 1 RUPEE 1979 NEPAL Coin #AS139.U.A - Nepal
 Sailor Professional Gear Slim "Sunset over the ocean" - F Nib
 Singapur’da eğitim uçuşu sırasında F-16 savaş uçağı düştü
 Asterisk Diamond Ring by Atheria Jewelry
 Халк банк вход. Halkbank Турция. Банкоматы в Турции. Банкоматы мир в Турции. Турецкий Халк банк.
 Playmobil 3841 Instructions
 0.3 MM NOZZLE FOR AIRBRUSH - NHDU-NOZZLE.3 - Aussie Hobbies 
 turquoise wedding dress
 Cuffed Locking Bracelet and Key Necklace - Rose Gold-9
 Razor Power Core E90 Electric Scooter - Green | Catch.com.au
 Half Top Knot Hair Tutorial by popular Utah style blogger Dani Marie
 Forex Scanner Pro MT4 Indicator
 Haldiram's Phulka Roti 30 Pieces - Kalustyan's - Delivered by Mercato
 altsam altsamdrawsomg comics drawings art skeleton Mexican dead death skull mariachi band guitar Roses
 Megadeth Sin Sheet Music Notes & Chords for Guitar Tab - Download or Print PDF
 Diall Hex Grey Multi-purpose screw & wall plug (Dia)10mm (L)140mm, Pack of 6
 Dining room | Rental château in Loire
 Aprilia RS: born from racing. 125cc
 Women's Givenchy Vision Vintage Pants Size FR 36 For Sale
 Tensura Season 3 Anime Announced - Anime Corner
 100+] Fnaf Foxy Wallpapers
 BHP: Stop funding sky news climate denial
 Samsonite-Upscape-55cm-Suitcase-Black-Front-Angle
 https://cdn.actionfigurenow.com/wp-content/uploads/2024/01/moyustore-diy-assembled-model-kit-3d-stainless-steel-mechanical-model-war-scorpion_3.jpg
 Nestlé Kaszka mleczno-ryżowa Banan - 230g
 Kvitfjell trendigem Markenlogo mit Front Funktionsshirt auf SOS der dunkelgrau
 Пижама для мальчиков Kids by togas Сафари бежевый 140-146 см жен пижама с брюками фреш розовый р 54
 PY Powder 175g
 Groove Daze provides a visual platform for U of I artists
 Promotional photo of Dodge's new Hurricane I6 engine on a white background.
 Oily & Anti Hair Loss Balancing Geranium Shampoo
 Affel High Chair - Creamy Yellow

## Your task:
Across the whole listing above, report each line that includes "Front".

## Answer for the task:
 Samsonite-Upscape-55cm-Suitcase-Black-Front-Angle
 Kvitfjell trendigem Markenlogo mit Front Funktionsshirt auf SOS der dunkelgrau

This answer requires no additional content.